▶ **Supplied material**
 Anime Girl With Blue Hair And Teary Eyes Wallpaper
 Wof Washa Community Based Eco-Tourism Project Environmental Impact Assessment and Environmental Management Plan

* * *

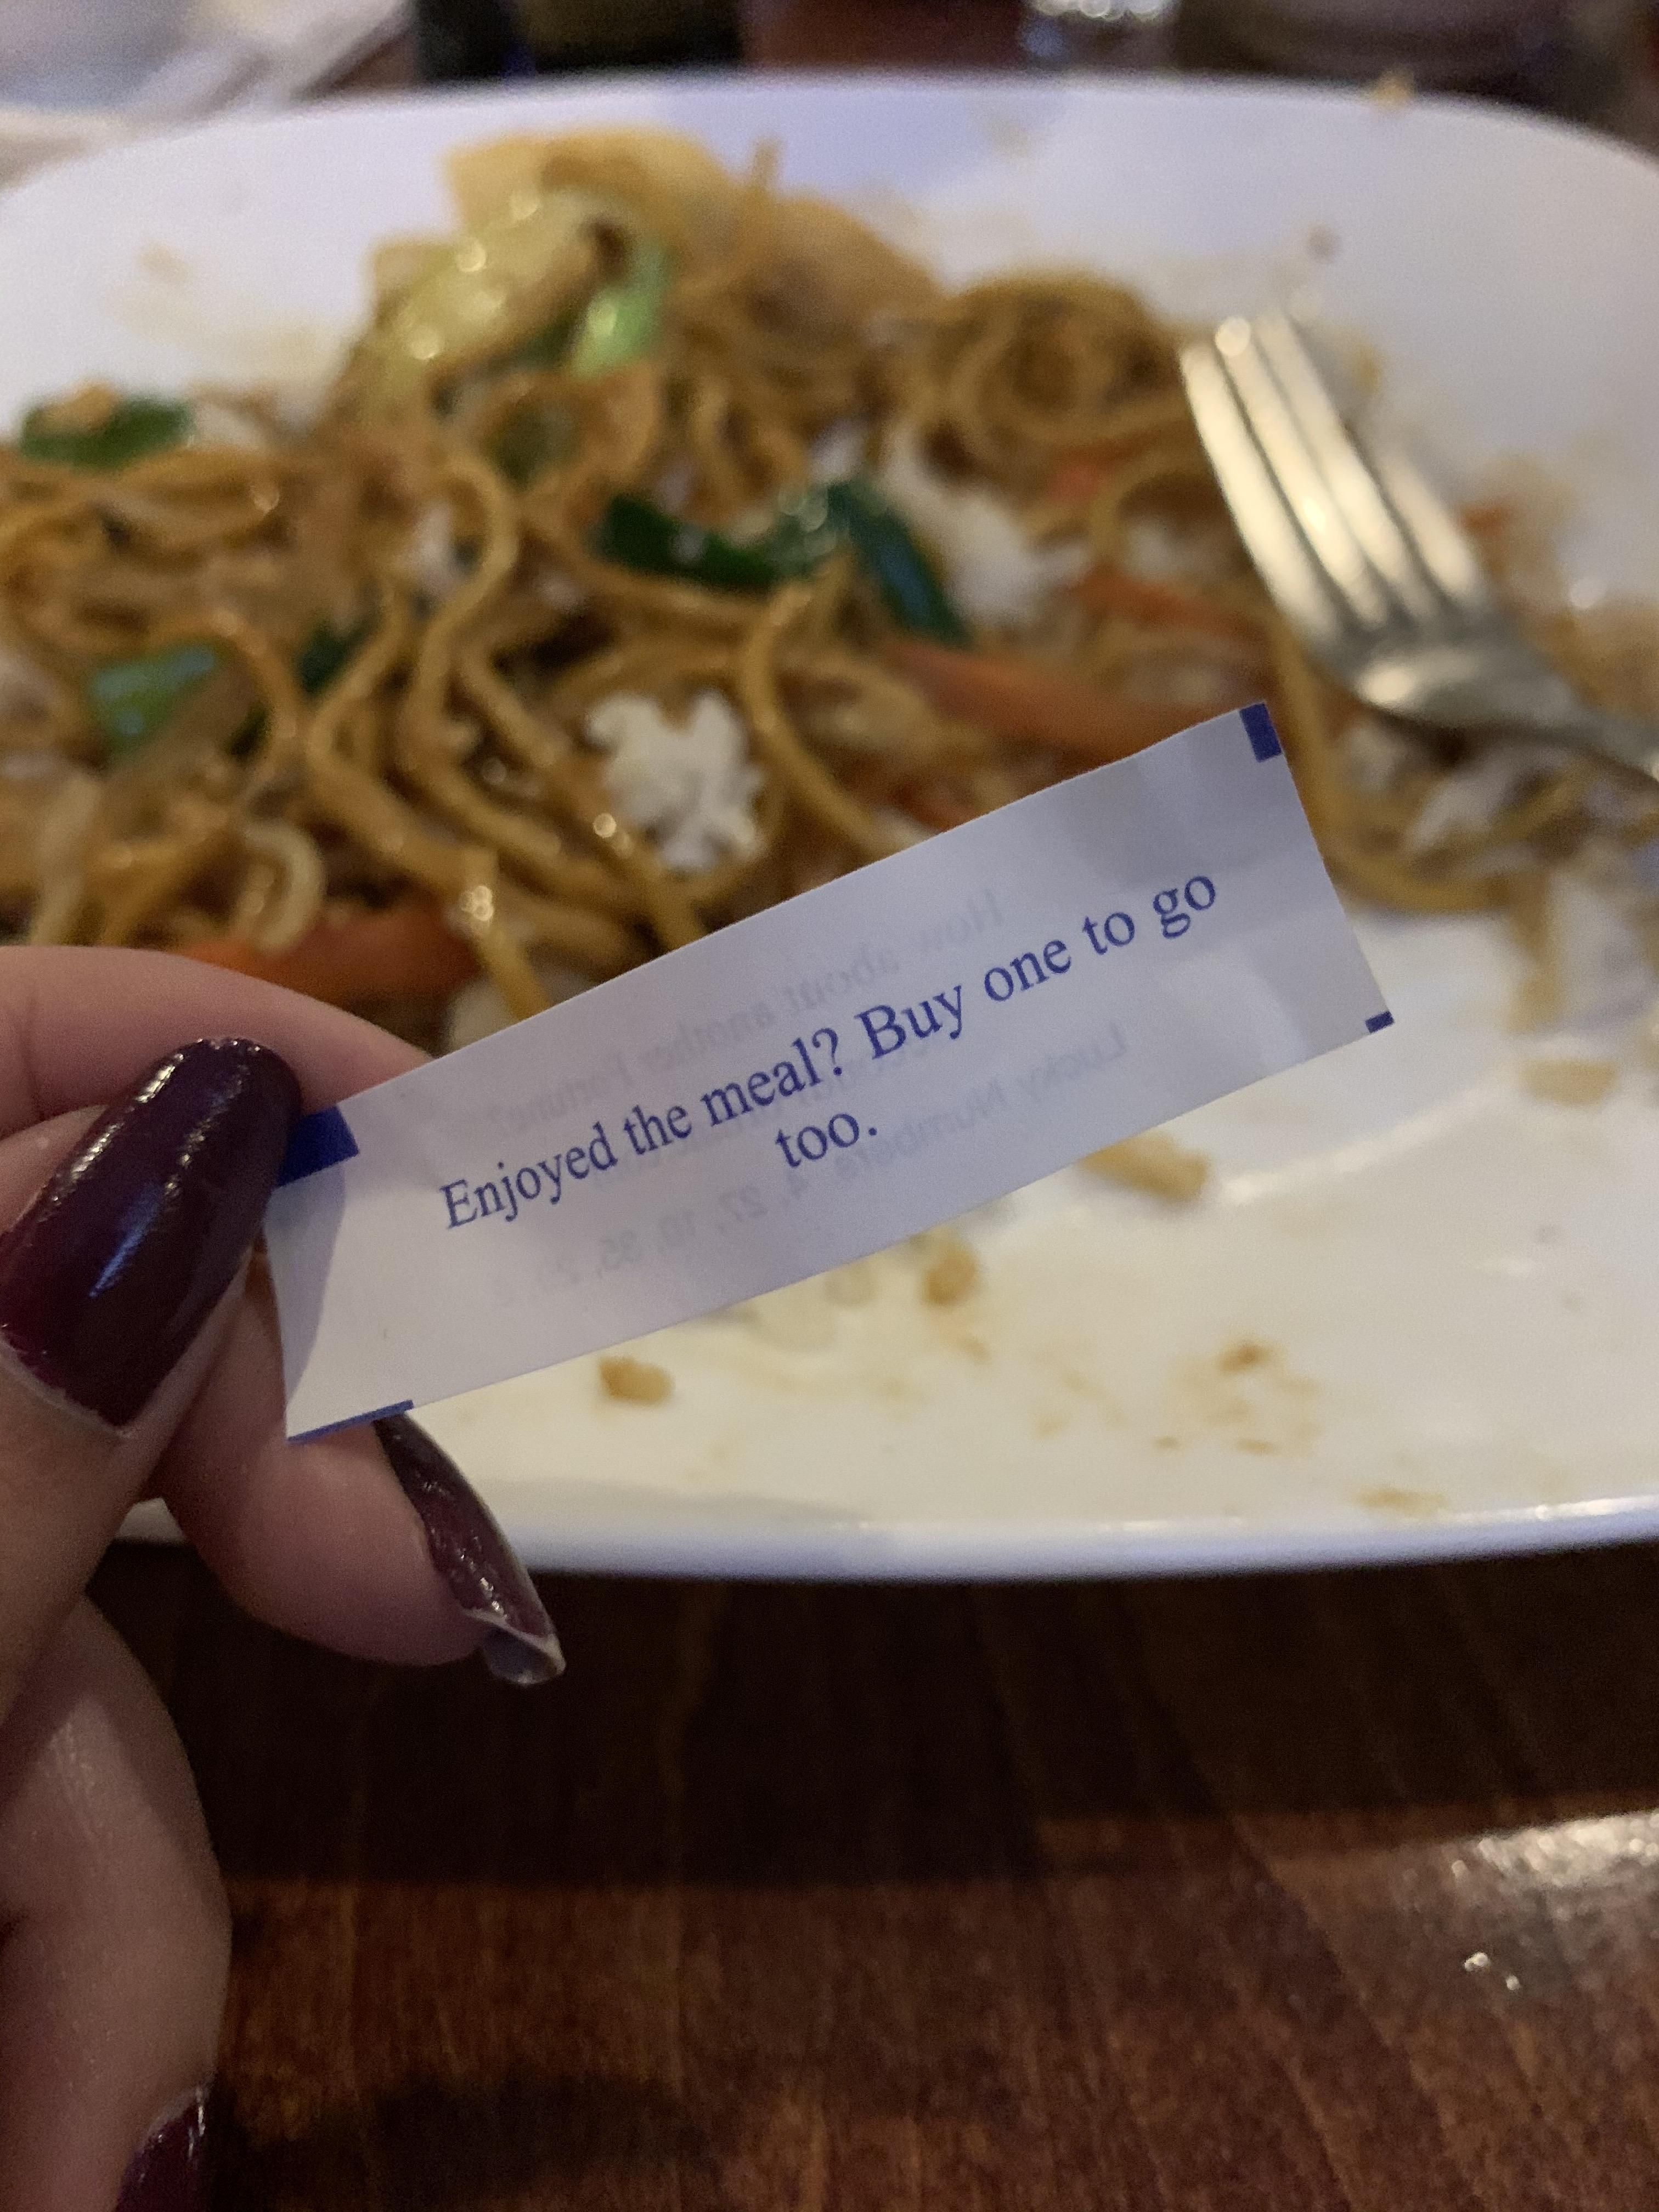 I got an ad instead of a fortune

▶ **Directions**
All lines in the listing above between the line with "Anime Girl With" and the line with "Wof Washa Community", inclusive, should be set down exactly, and no line outside that range.

▶ **Response to this exercise**
 Anime Girl With Blue Hair And Teary Eyes Wallpaper
 Wof Washa Community Based Eco-Tourism Project Environmental Impact Assessment and Environmental Management Plan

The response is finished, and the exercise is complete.